→ What this task involves: Only the pictures should be left out; repeat the rest of the data exactly.

→ Dataset section:
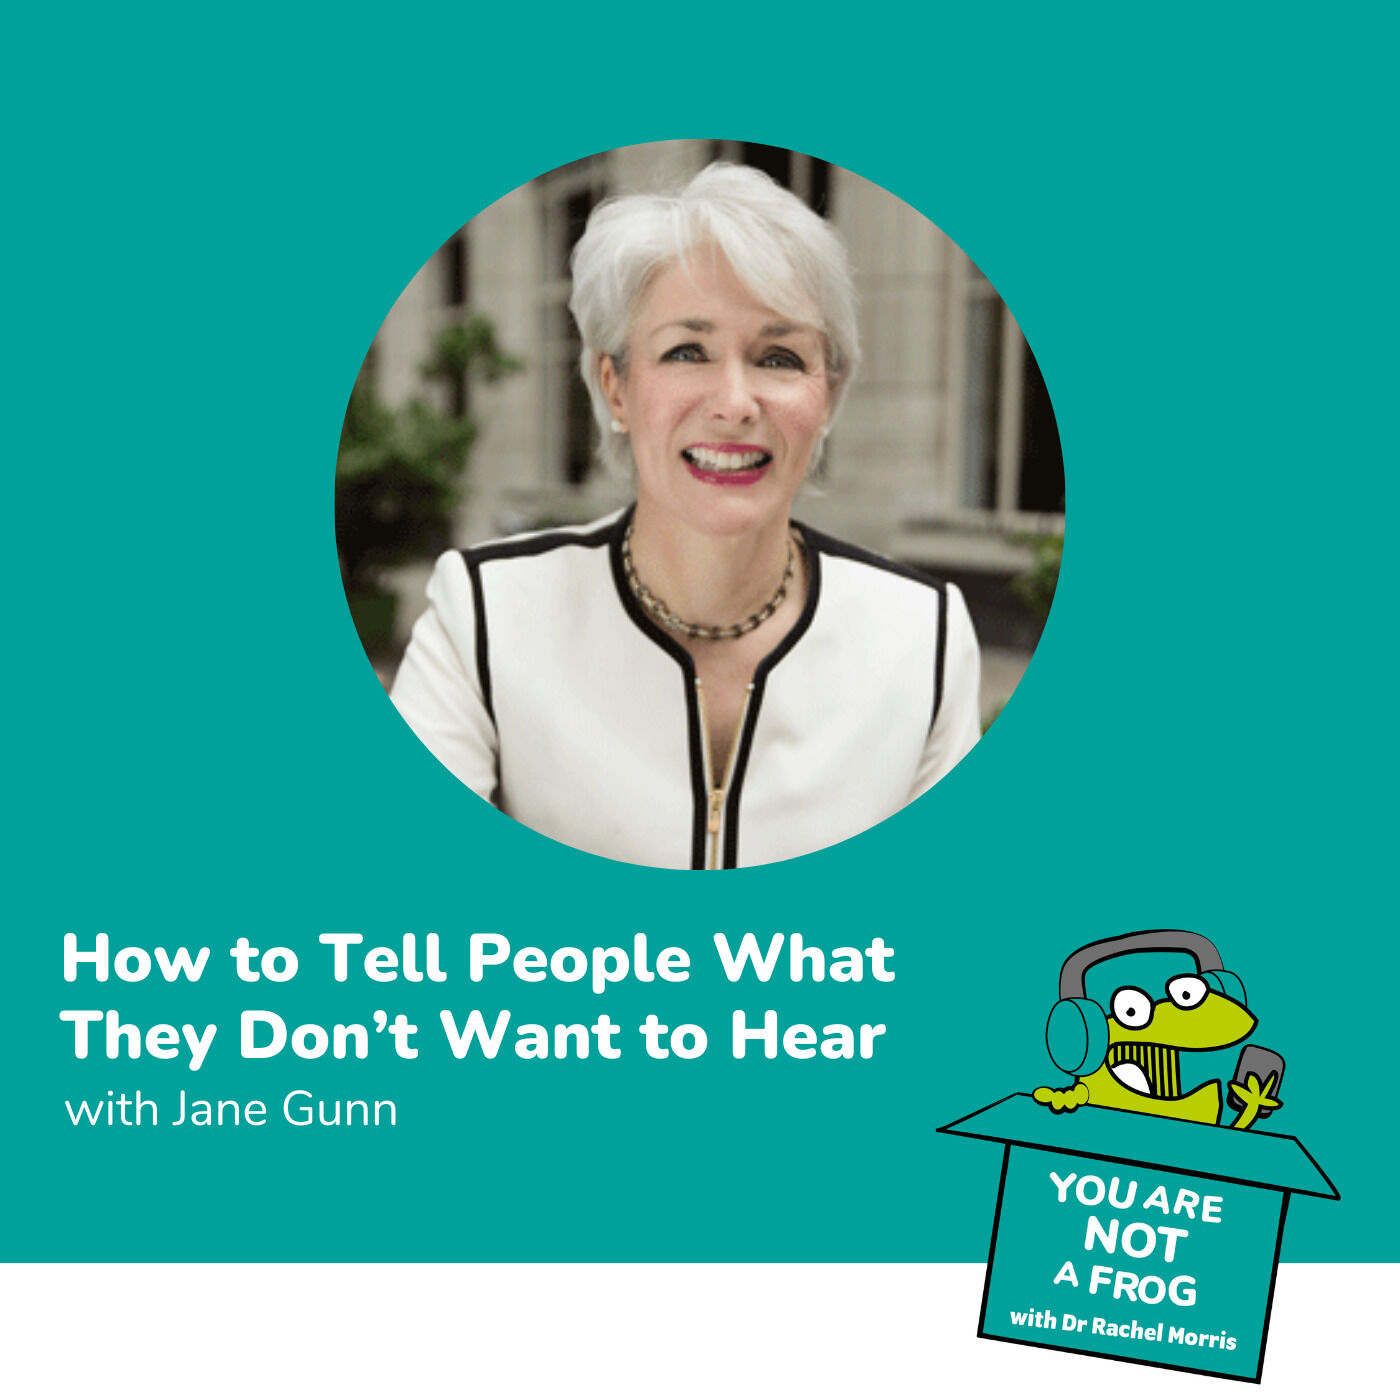 How to Tell People What They Don’t Want to Hear
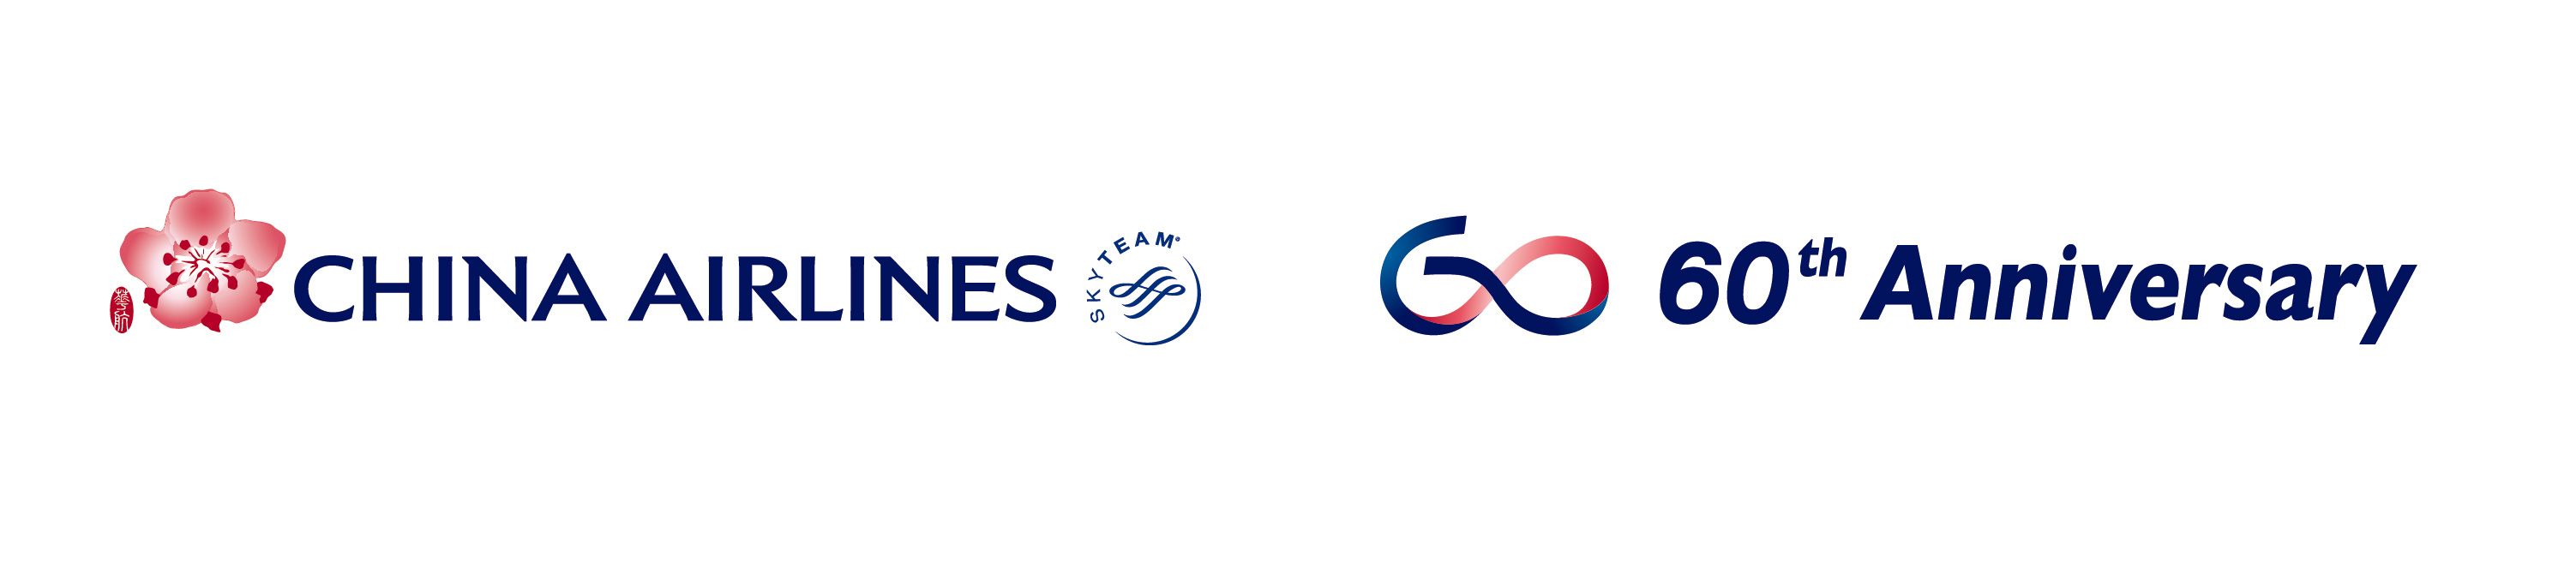 China Airlines Online Sales 60周年CI logo Horz
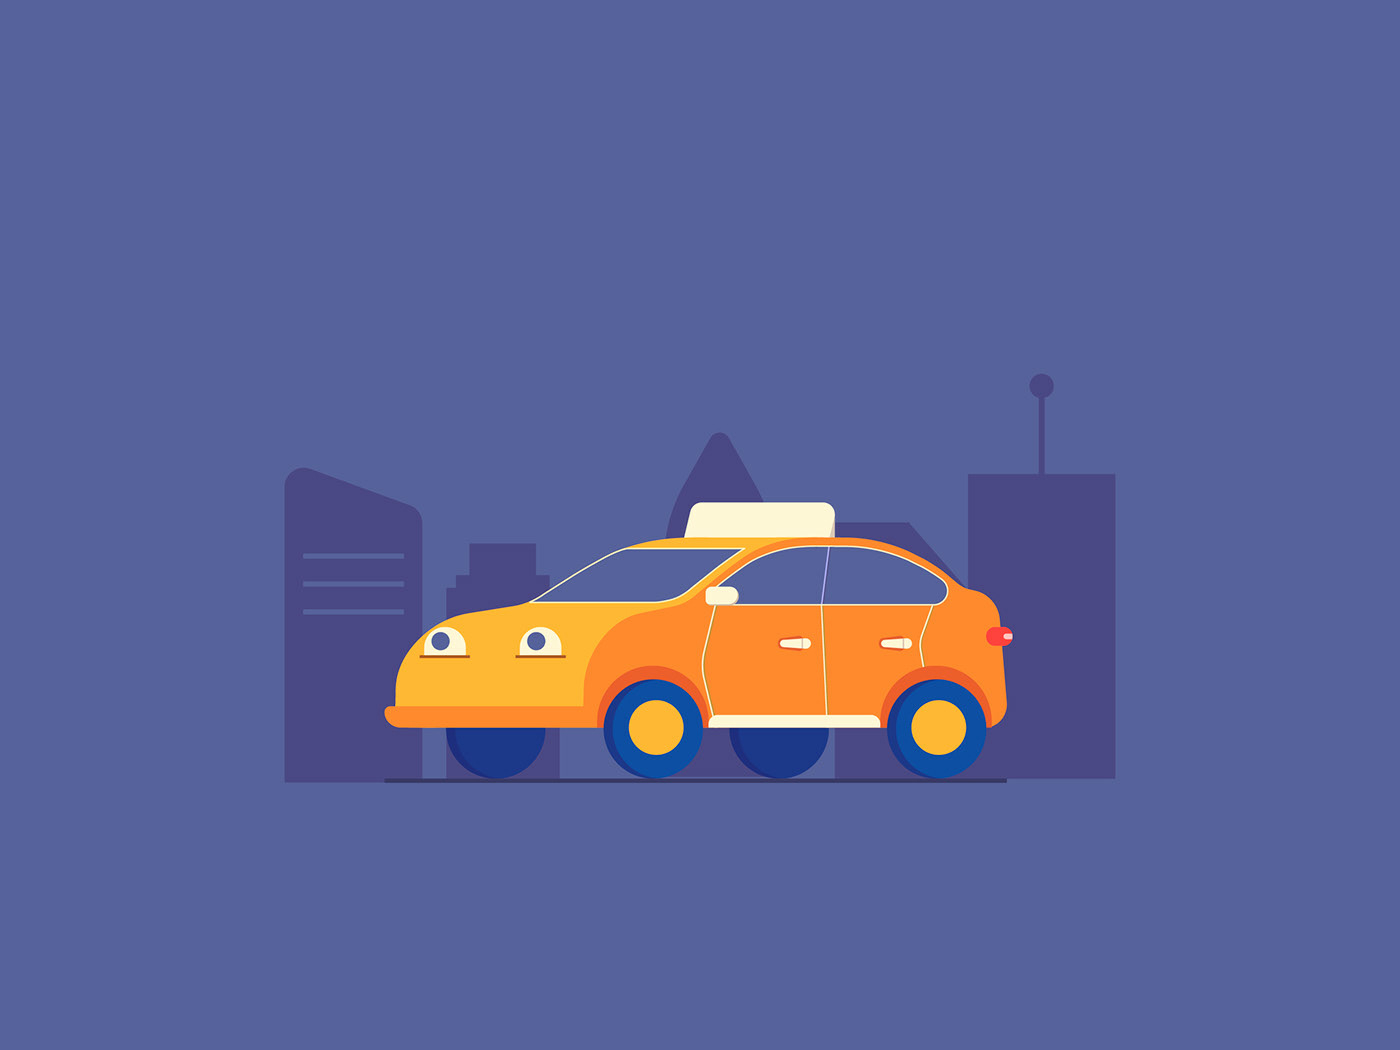 Taxi by Maxim Aletkin on Dribbble

→ Exercise response:
 How to Tell People What They Don’t Want to Hear
 China Airlines Online Sales 60周年CI logo Horz
 Taxi by Maxim Aletkin on Dribbble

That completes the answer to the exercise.